_What is expected_:
The reply is a verbatim copy of the listing below with its images dropped.

_Source data_:

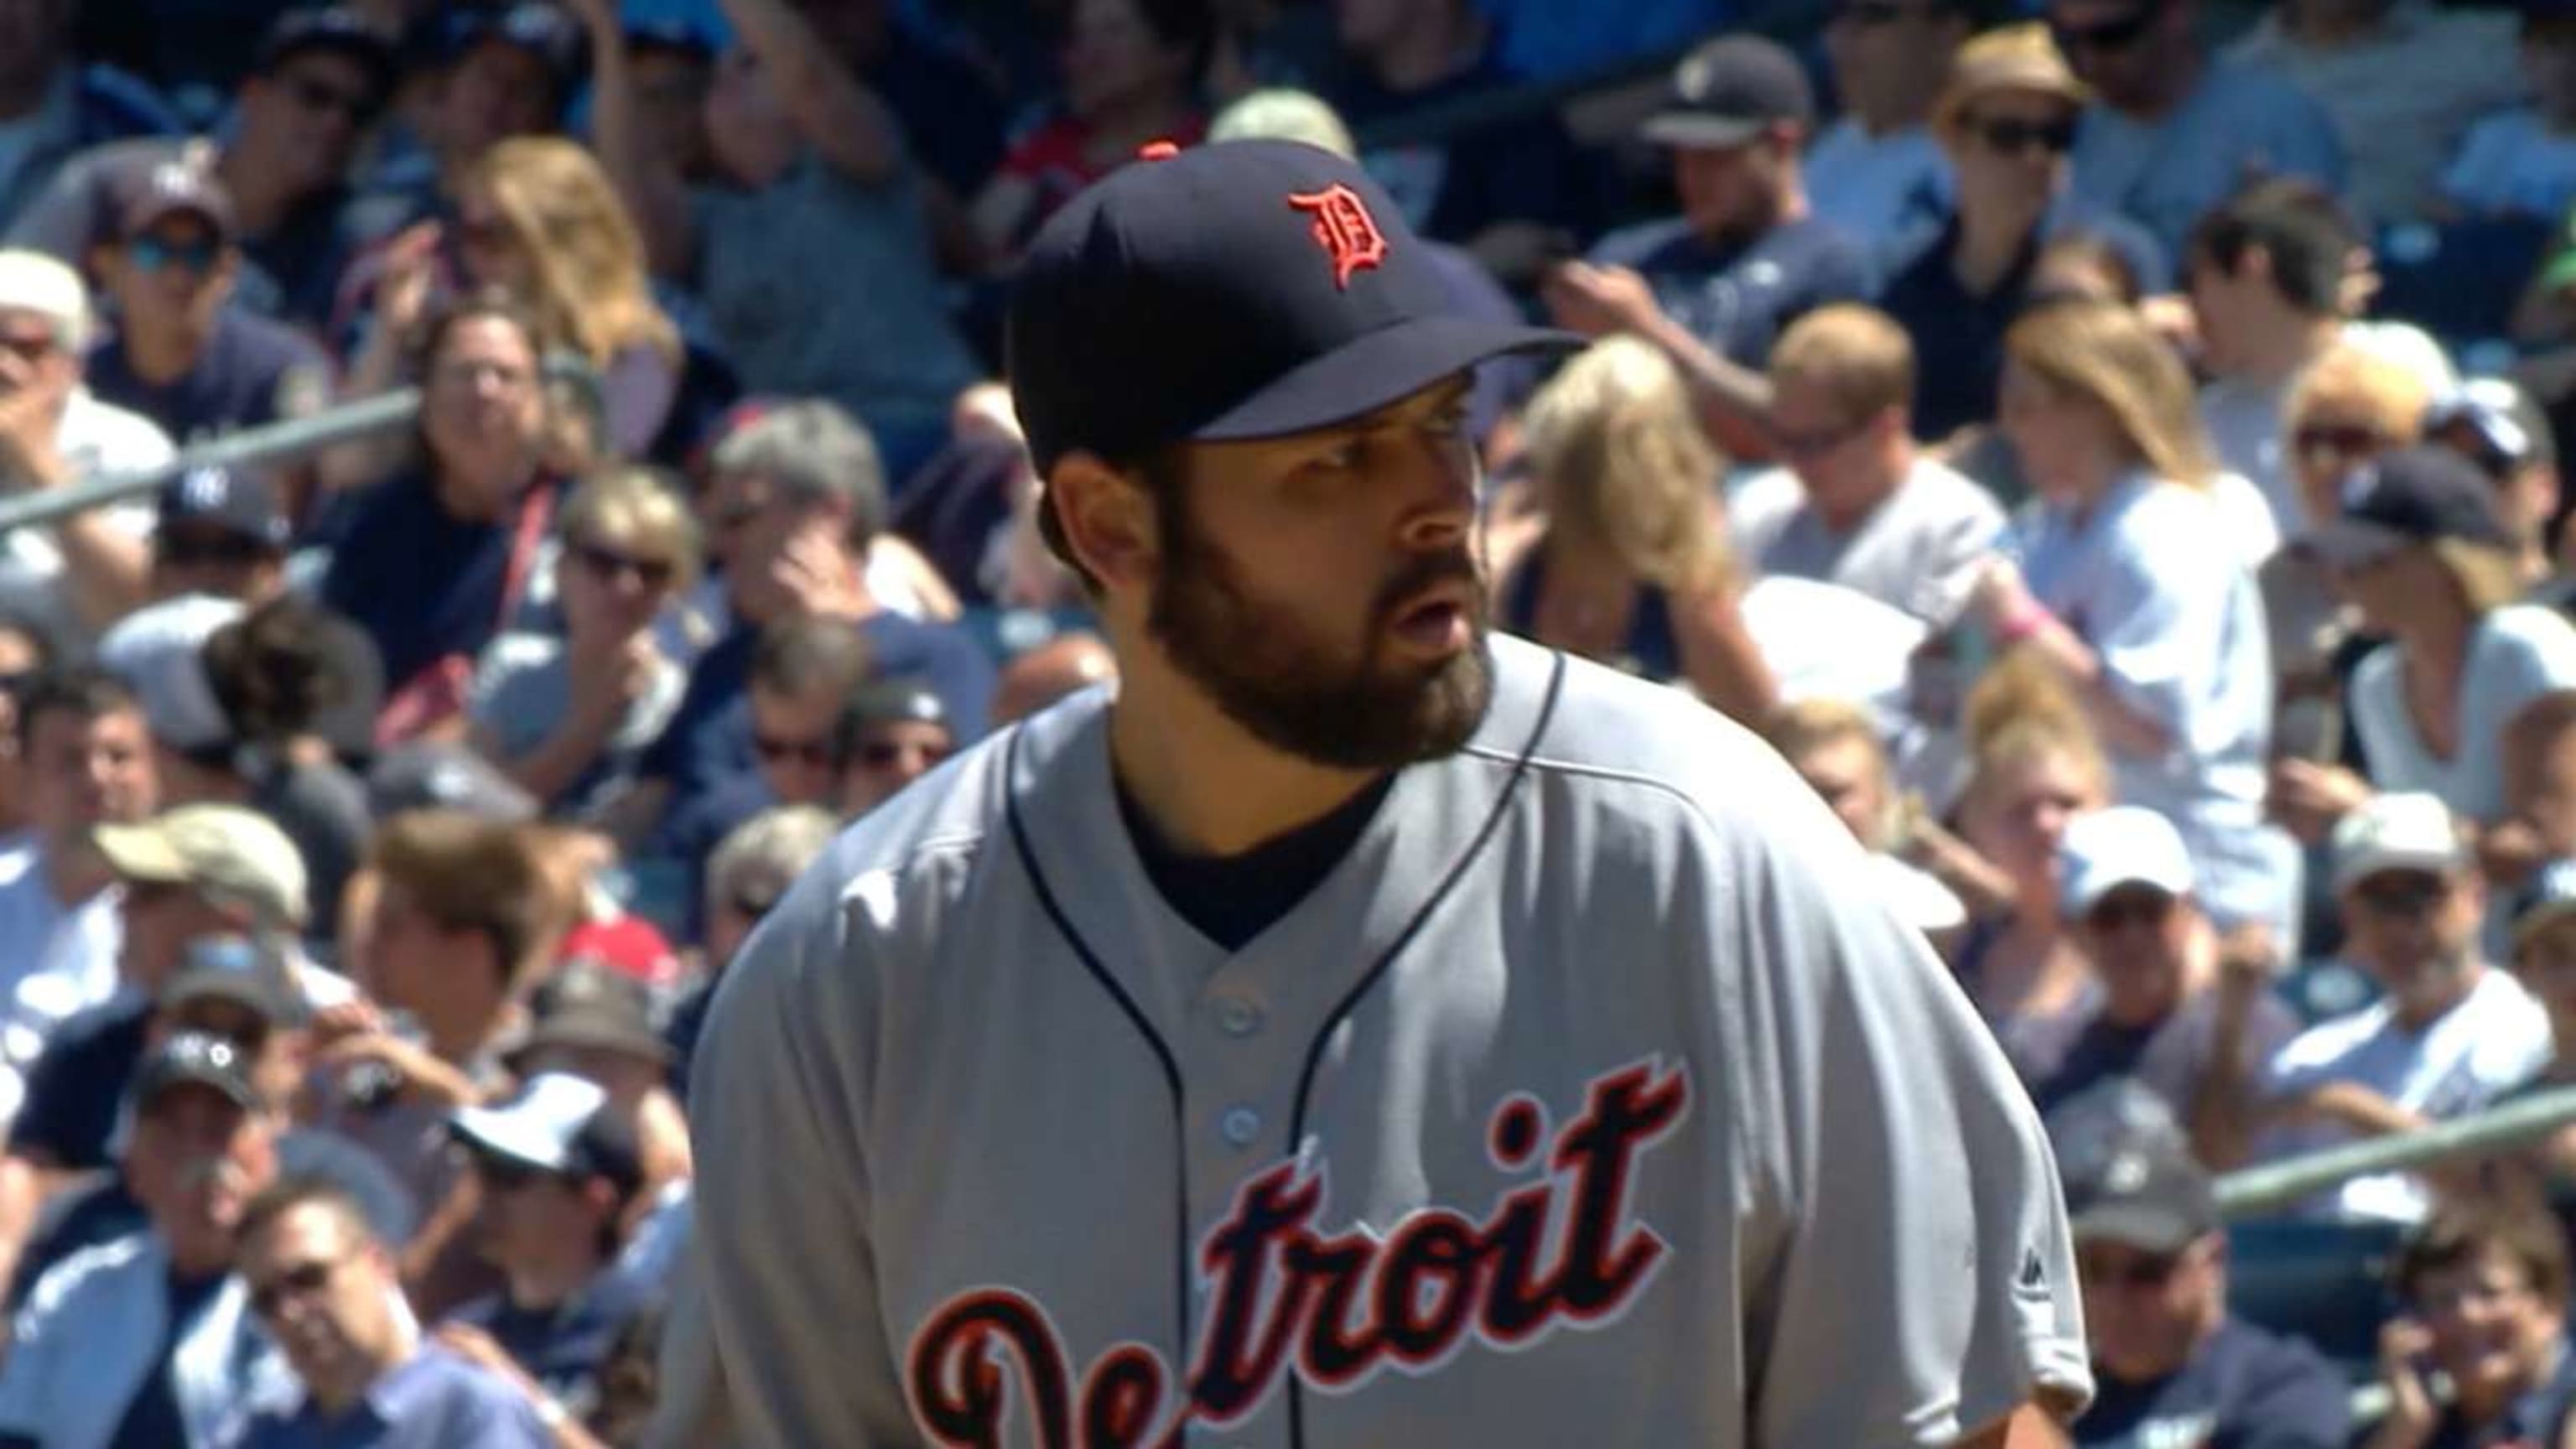 Michael Fulmer could be 1st rookie to win ERA title since Mark
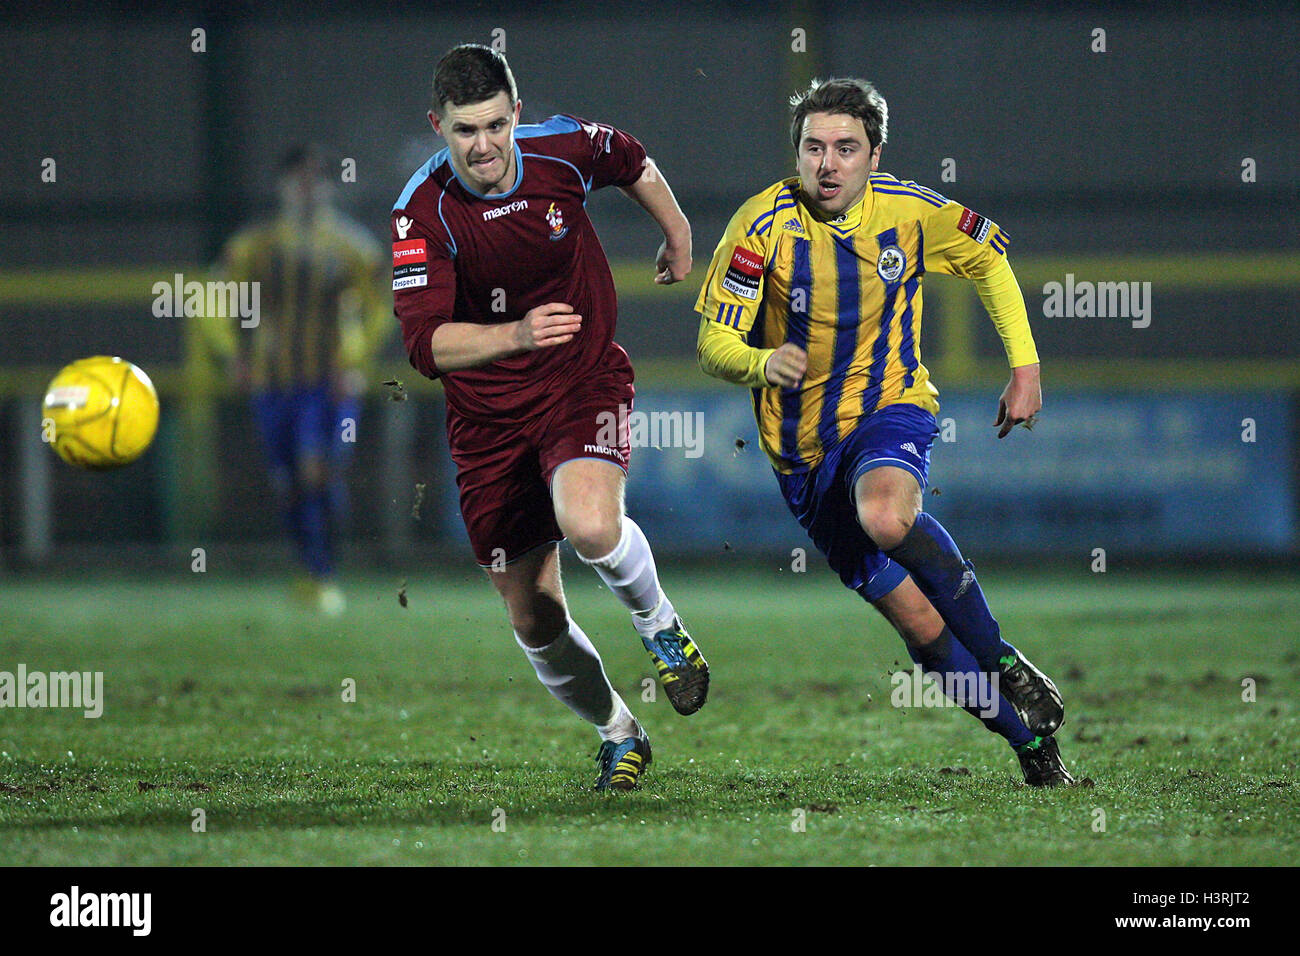 Kurt Smith of Romford evades Sam West of Brentwood - Romford vs Brentwood Town - Ryman League Division One North Football at Ship Lane, Thurrock FC - 09/01/13 Stock Photo
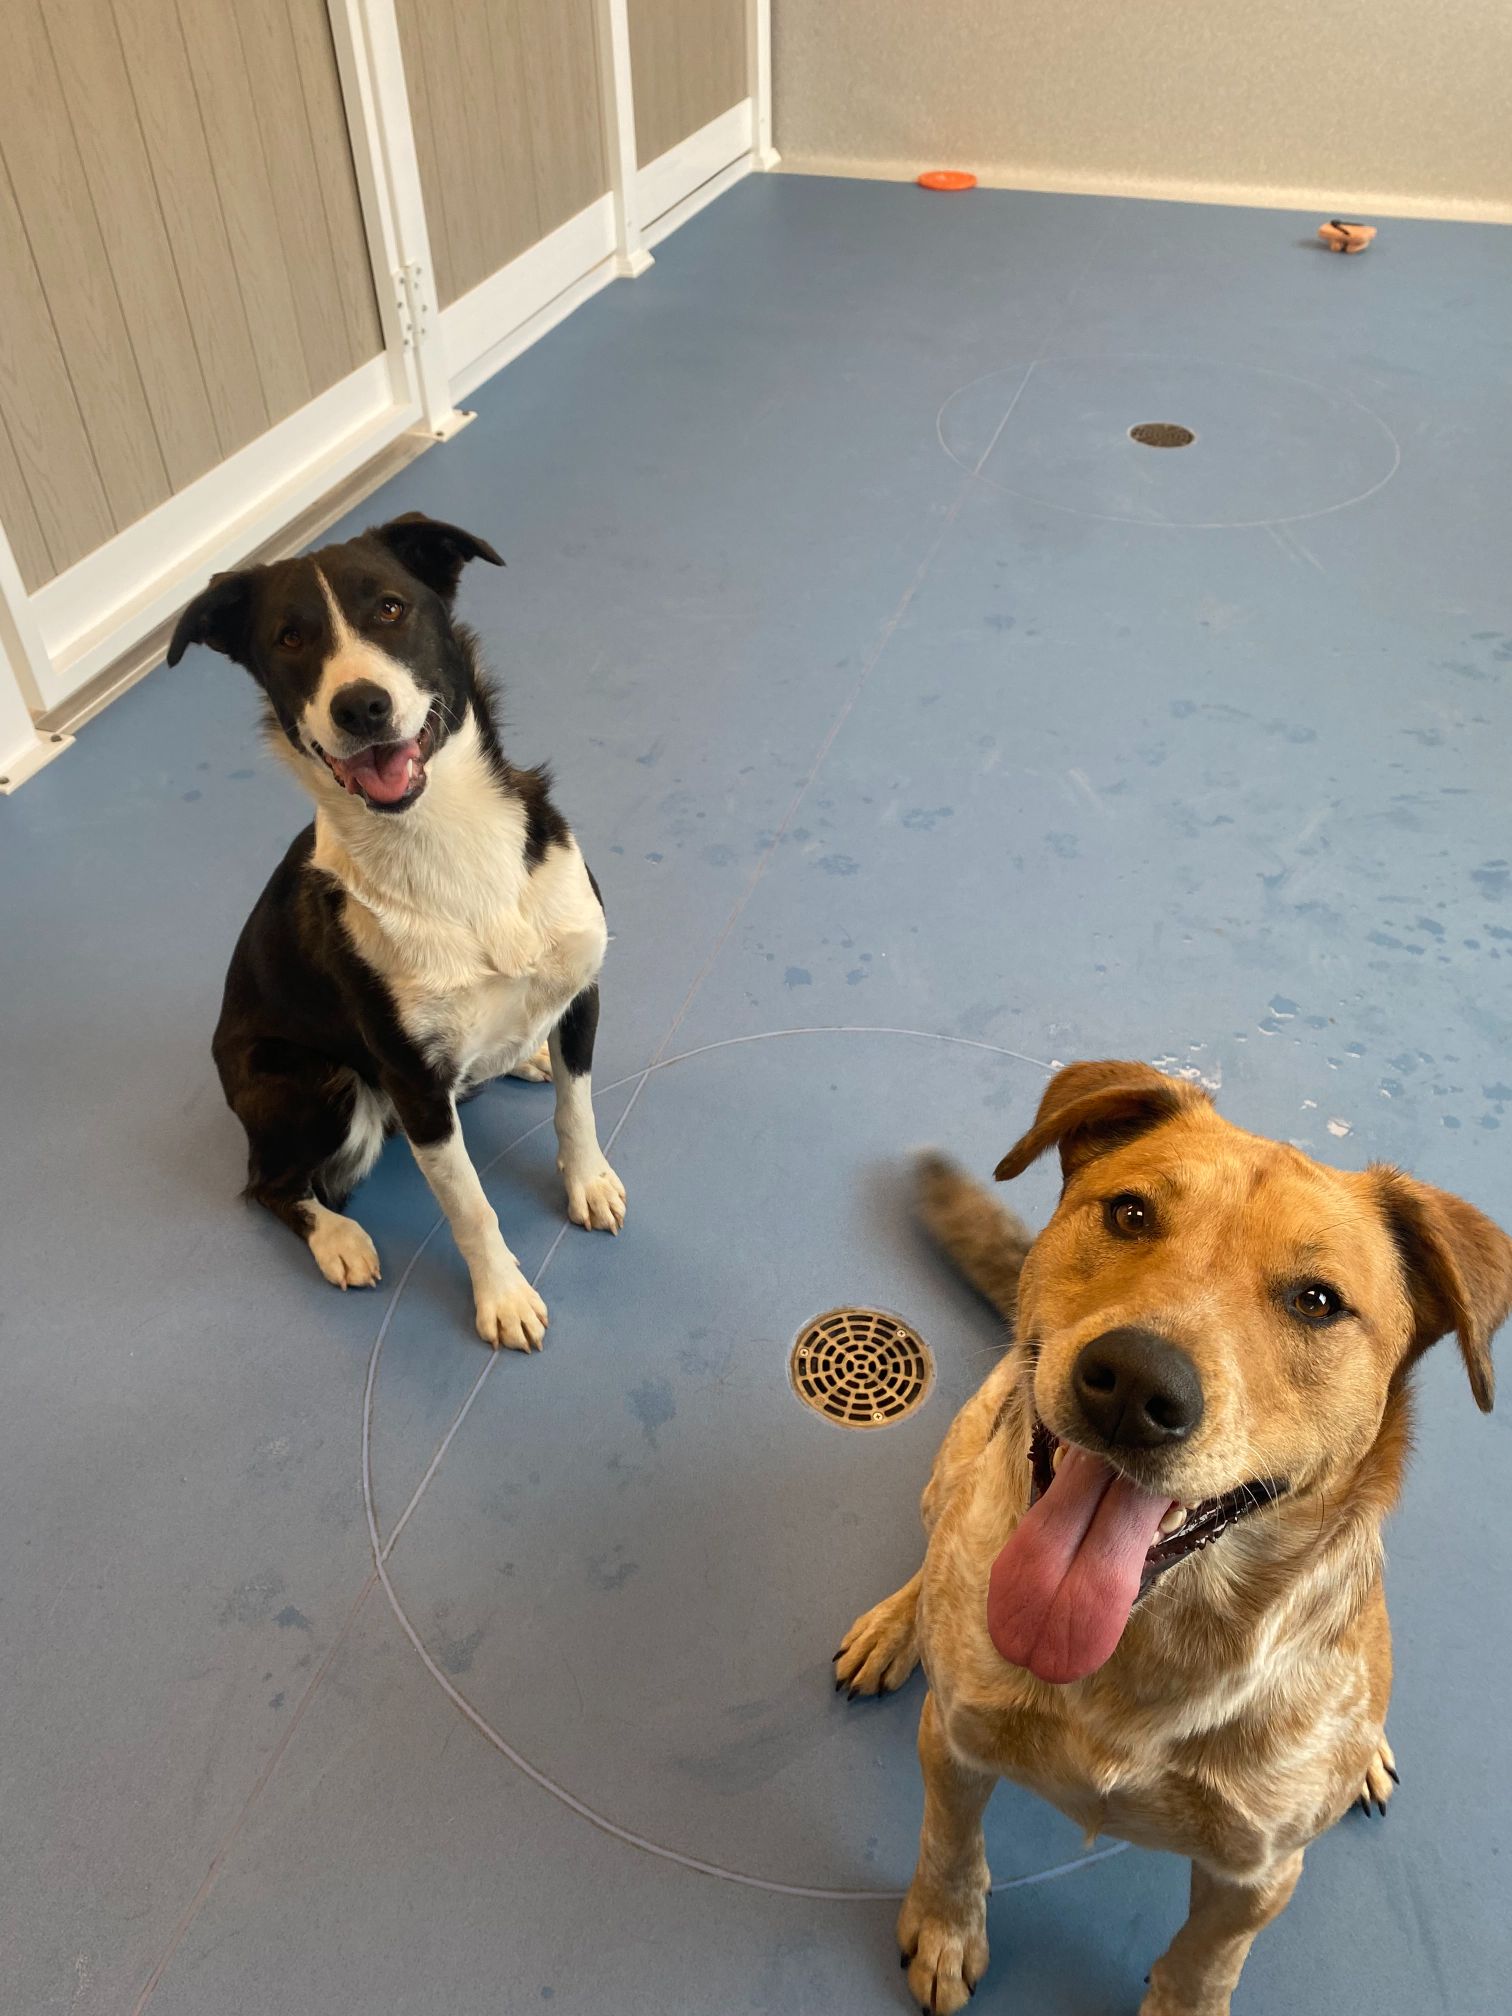 Dogs in clinic play area

_Problem solution_:
 Michael Fulmer could be 1st rookie to win ERA title since Mark
 Kurt Smith of Romford evades Sam West of Brentwood - Romford vs Brentwood Town - Ryman League Division One North Football at Ship Lane, Thurrock FC - 09/01/13 Stock Photo
 Dogs in clinic play area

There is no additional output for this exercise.